Solve log_81 32x-log_81(x-3)=3/4 for x
a. x=-81/5
b. 24/31
c. no solution
We have the equation log_81 32x - log_81(x-3) = 3/4.
Using the properties of logarithms, we can rewrite this equation as log_81[(32x)/(x-3)] = 3/4.
We can now convert to exponential form to get (32x)/(x-3) = 81^(3/4).
Simplifying the right side, we have 81^(3/4) = (3^4)^(3/4) = 3^3 = 27.
Multiplying both sides of the equation by x-3, we get 32x = 27(x-3).
Expanding, we have 32x = 27x - 81.
Rearranging, we have 32x - 27x = -81.
Combining like terms, we have 5x = -81.
Dividing both sides by 5, we get x = -81/5.
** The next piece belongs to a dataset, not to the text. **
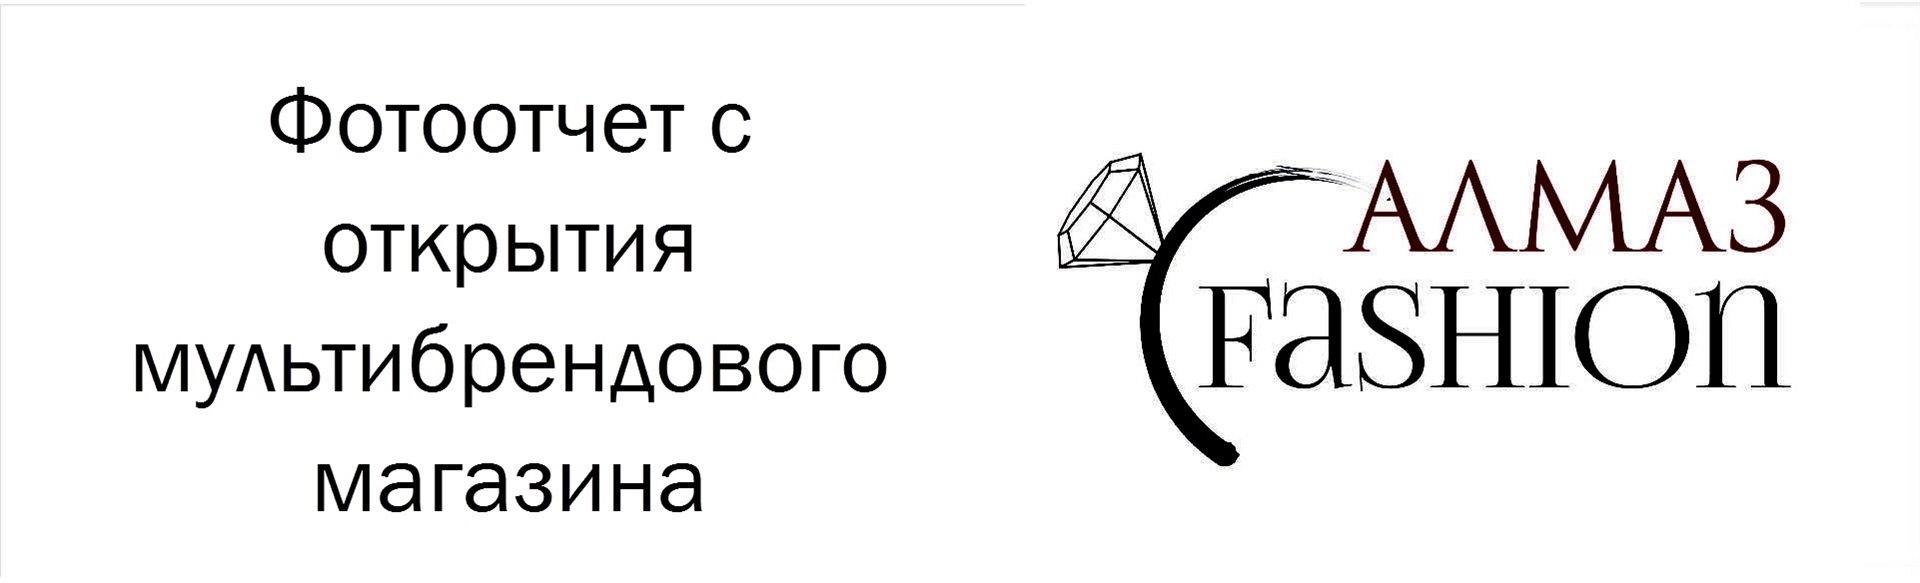 https://www.almazcom.ru/pub/img/QA/projects/banner_den_goroda_na_sajt.jpg

Therefore, the solution to the equation log_81 32x - log_81(x-3) = 3/4 is x = -81/5.
Therefore, the correct answer is a) x = -81/5.
correct answer is c. no solution
Apologies for the mistake. Let's double-check the solution.
After obtaining the equation 5x = -81, we divide both sides by 5, which gives x = -81/5.
Now let's substitute this x value back into the original equation to verify if it holds true.
log_81 32x - log_81(x-3) = 3/4
Substituting x = -81/5:
log_81 (32(-81/5)) - log_81((-81/5)-3) = 3/4
log_81 (-67.2) - log_81 (-96.2/5) = 3/4
At this point, we can see that both values within the logarithms are negative, but logarithms are only defined for positive values. Therefore, we conclude that there is no solution to the equation.
Hence, the correct answer is indeed c) no solution.